The market for sour beer is ripe. The Trappist specializes in Belgian beers and often has a few sours on their chrome taps. The modestly sized venue is cocooned in dark wood furniture. Along one of the walls is a church pew dotted with an array of customers of all ages sipping beer. They resemble birds perched on an electric line, each clad in a slouchy hat, some neck-deep in tattoos. At 4:30 on a Saturday afternoon the place is packed. The bartenders can barely keep up with the crowd.

Podcast produced by Cynthia McKelvey. Click on arrow to play.

Despite the growing taste for sour, India Pale Ales remain the beer du jour. The bitter, floral flavors still dominate as the Trappist’s top sellers. But Laborde says sours do almost as well. The consensus among brewers, bartenders, and customers is that sour beer attracts curious wine-drinkers and hardcore beer enthusiasts alike. Sours contain many similar characteristics to wine. They are about as acidic, with a pH near 3.5. Some sours are blended with fruits found in wines: raspberries, blackberries, strawberries.

“You get that bug, or that itch, where you’re looking for new interesting beer. Sour beer is where a lot of people end up finding that,” Goodwin says.

“I think that happens to a lot of people in their beer journey,” Wallash agrees. “There’s a set of people that after a certain period of time, sour beers capture their palate and it sticks.”

Laborde brings me a taste of one of his strangest sours: the Anchorage Galaxy White IPA. It’s quite unlike an ordinary IPA, with a whitish-yellow hue tinged with green. Its aroma reminds conjures my childhood, but I can’t pinpoint why. Laborde helps jog my memory: “It reminds me of when you go to a petting zoo, and there’s that….” He pauses and gazes at the ceiling. “Like, goat urine smell?” I scrunch my nose and laugh. “I was going to say rotting hay.”

Wild bugs

The intense barnyard flavor and aroma—more appealing than they sound—are from the wild yeast, brettanomyces, or “brett.” Anchorage brewed the IPA and then added brett at the bottling stage, Laborde says.

Brettanomyces doesn’t always make a beer taste funky, Goodwin says. “You can make a beer with brett that’s not sour at all, and you can make a beer with brett that’s not funky at all,” he says. “The funk flavor comes from putting brett in a stressful situation.”

Jay Goodwin among his barrels. (Photo: Cynthia McKelvey)

During bottling, when saccharomyces has already fermented most of the sugar into alcohol, brettanomyces must turn to other sources of food. The yeast can eat many compounds, such as phenols, which are naturally produced by the grain, says Nick Bokulich, a Ph.D. candidate in food science at UC Davis.

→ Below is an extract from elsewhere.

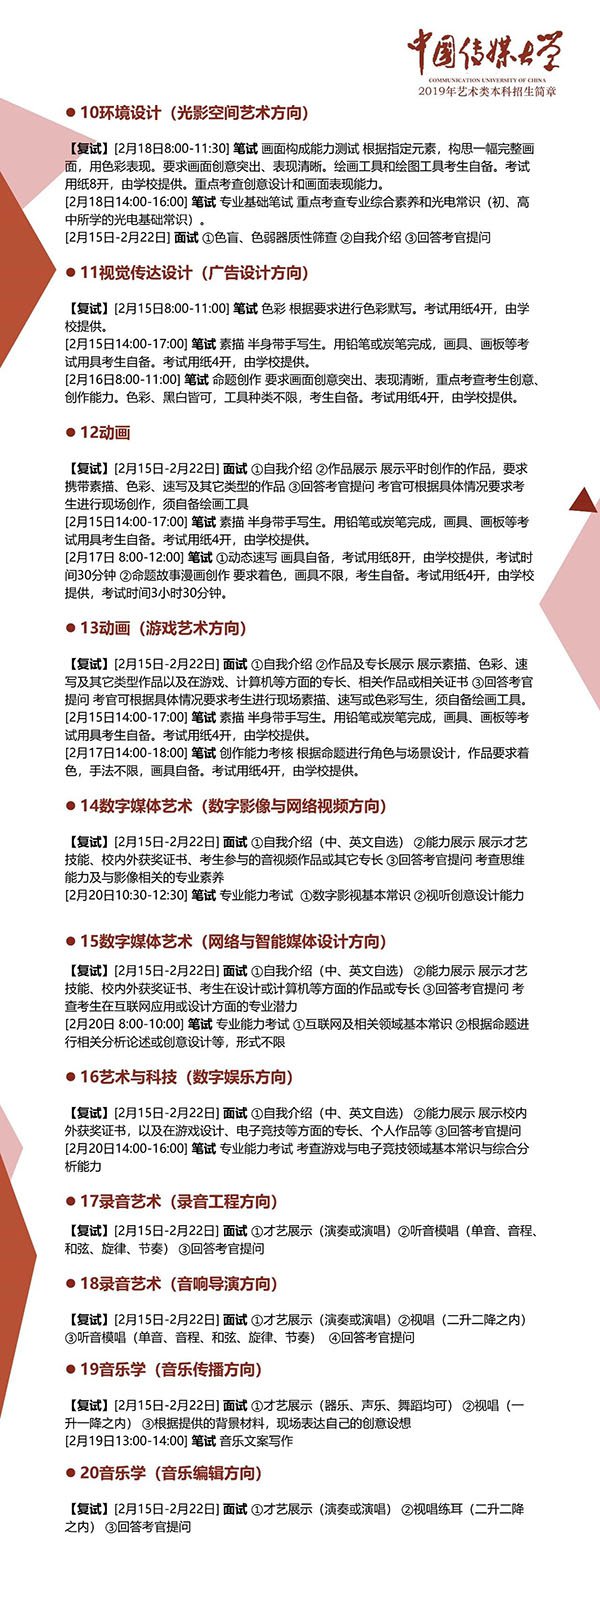 中国传媒大学2019年艺术类本科招生简章发布！报名时间11月28日-12月23日！

“Brettanomyces is much, much slower,” than saccharomyces, says Bokulich. It bides its time, dining on a wider buffet of chemicals in the wort. Towards the end of fermentation, with little sugar remaining, brettanomyces consumes other chemicals and produces an array of byproducts that smell and taste funky, fruity, or tart. For instance, brettanomyces “chops off” a carbon dioxide from phenols, Bokulich says, to produce the smoky, sweaty smelling compounds as waste. But it’s hard to pick out any one compound that leads goat urine and rotting hay, or the pineapple flavor in Goodwin’s wort.

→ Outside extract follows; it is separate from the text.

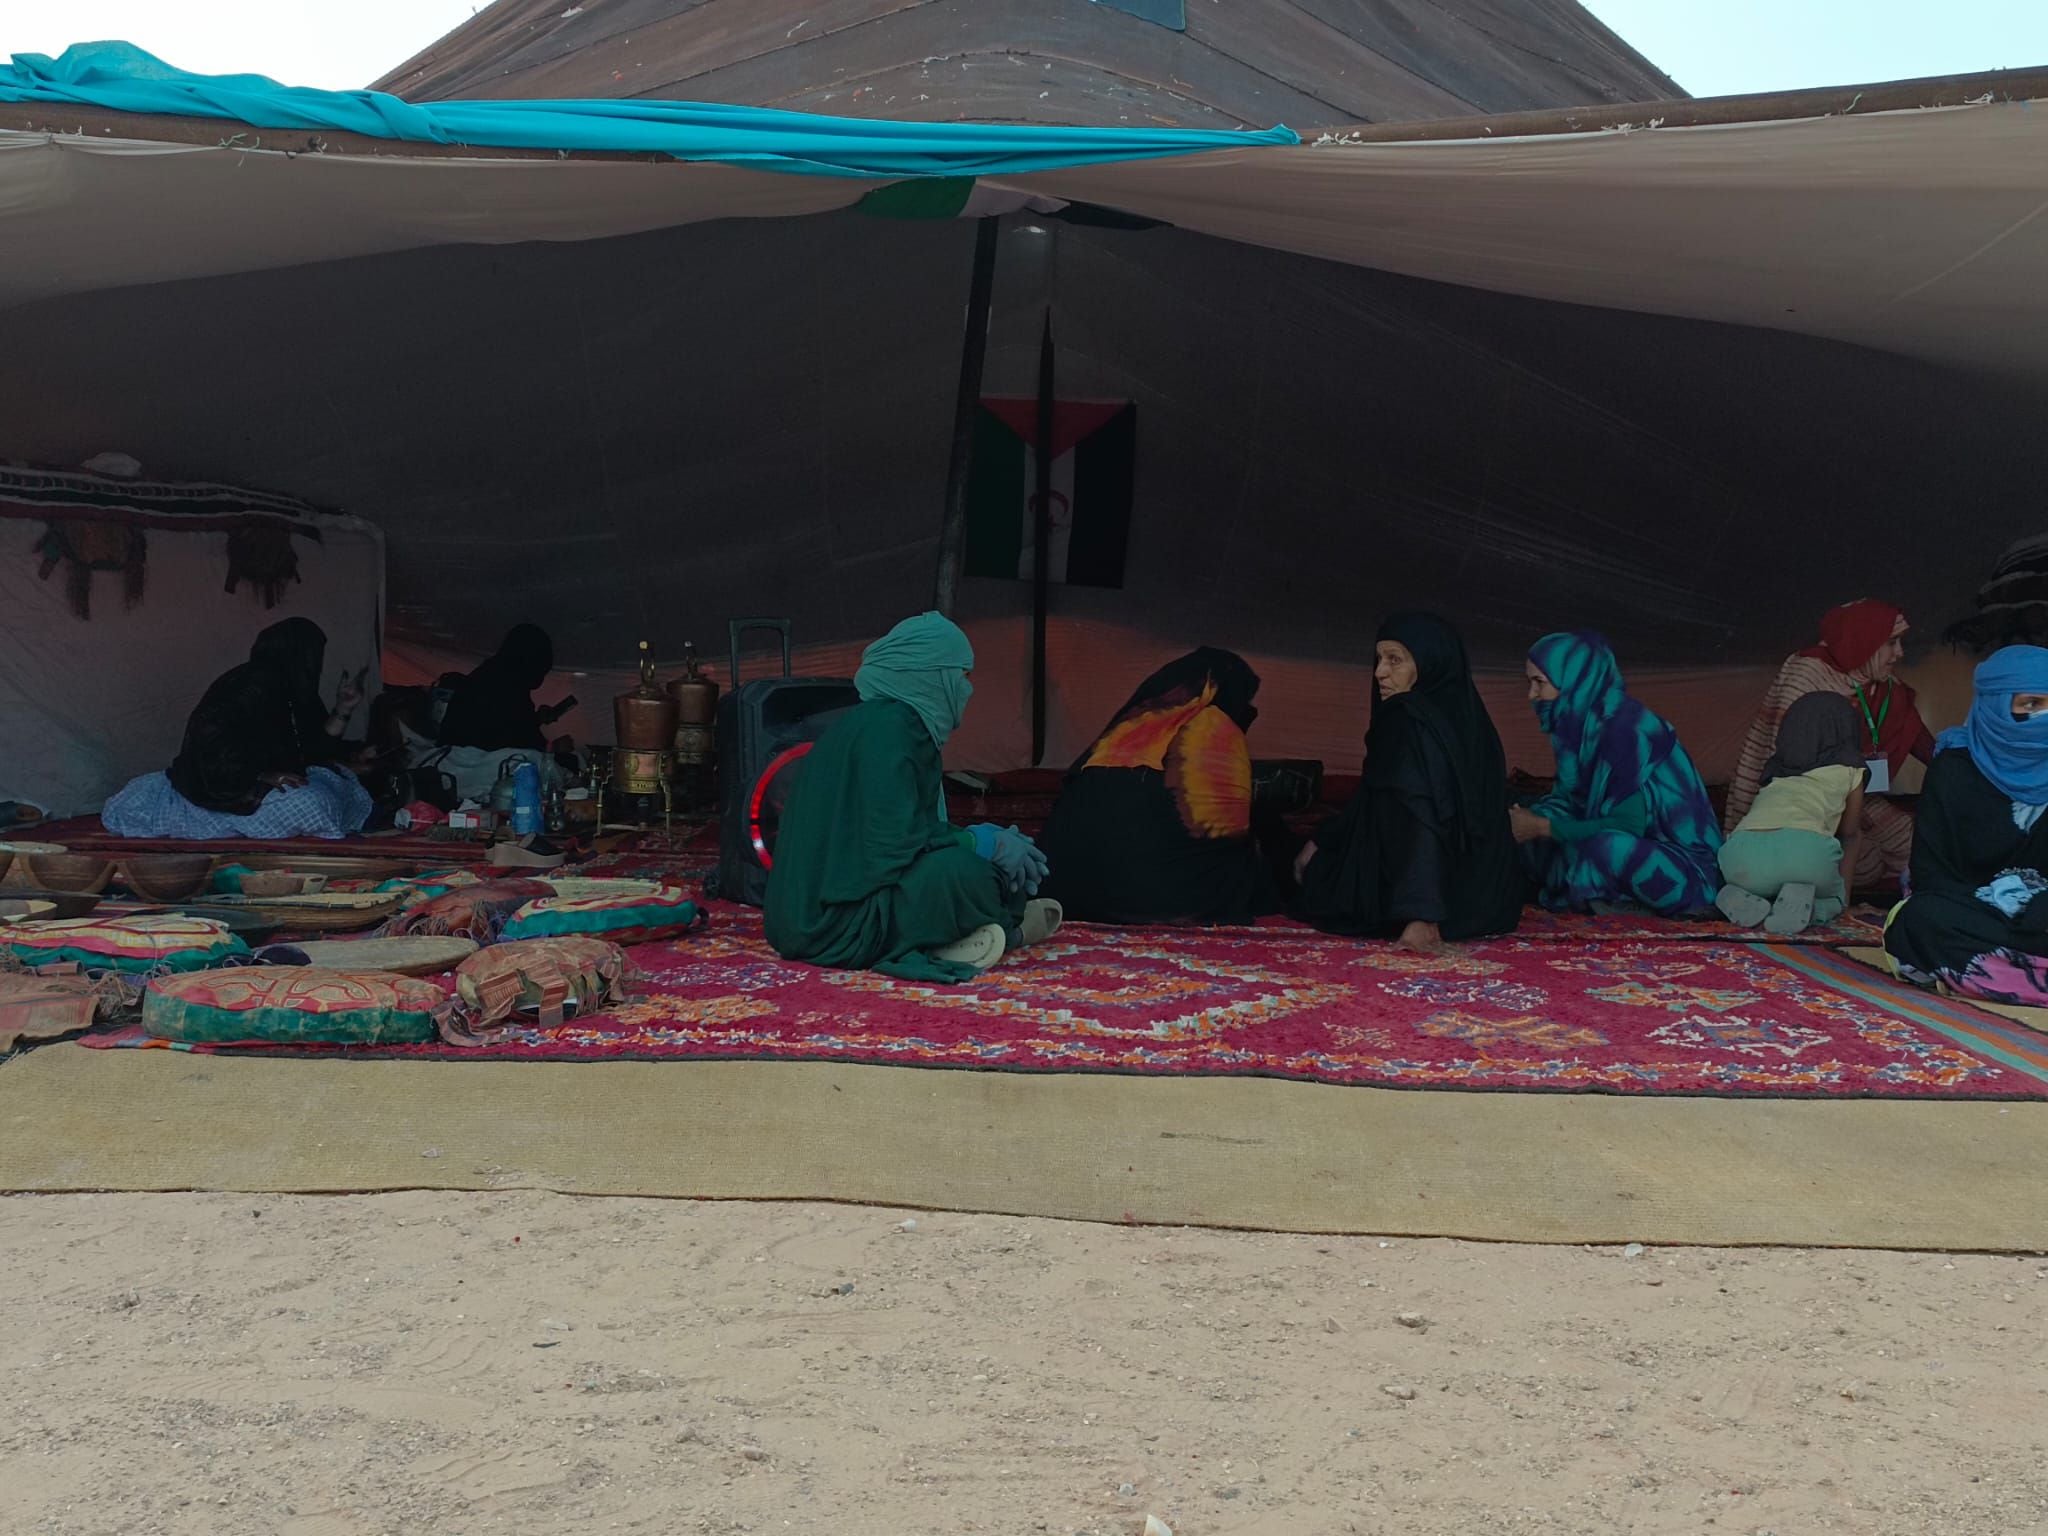 Campo de refugiados de Ausserd, cerca de Tinfuf, en Argelia. (María García Arenales)

Bacteria play an important role in sour beer, too. Bacteria species belonging to the genus Lactobacillus consume sugar and create lactic acid. Lactic acid’s tartness is mild like peeling an orange, not sharp like biting a lemon.

“Part of our philosophy is to be as experimental as possible,” Goodwin says. Right now, he’s trying to get to know his bugs on an intimate level. He makes subtle manipulations between each batch: altering oxygen levels, brewing temperatures, and the ratios of strains of brettanomyces and lactobacillus.

Goodwin avoids putting his brettanomyces in “stressful situations,” so his beers are not very funky. They’re tart, but not overwhelmingly so. Like brettanomyces, Goodwin is taking it slow, biding his time. He says he might build a coolship, but first he needs to allow the yeast and bacteria to develop in his warehouse. As he brews more beer, the bacteria and yeast will build up in the air and become a part of the warehouse’s ecosystem.

Art vs. science

Down in Capitola, just south of Santa Cruz, a brewer with a rather different philosophy is at work. Tim Clifford serves his beers at Sante Adairius, tucked in a strip mall on a service road off Highway 1. He is more devil-may-care about his bugs, which he makes no effort to keep out of his other, not-sour beers.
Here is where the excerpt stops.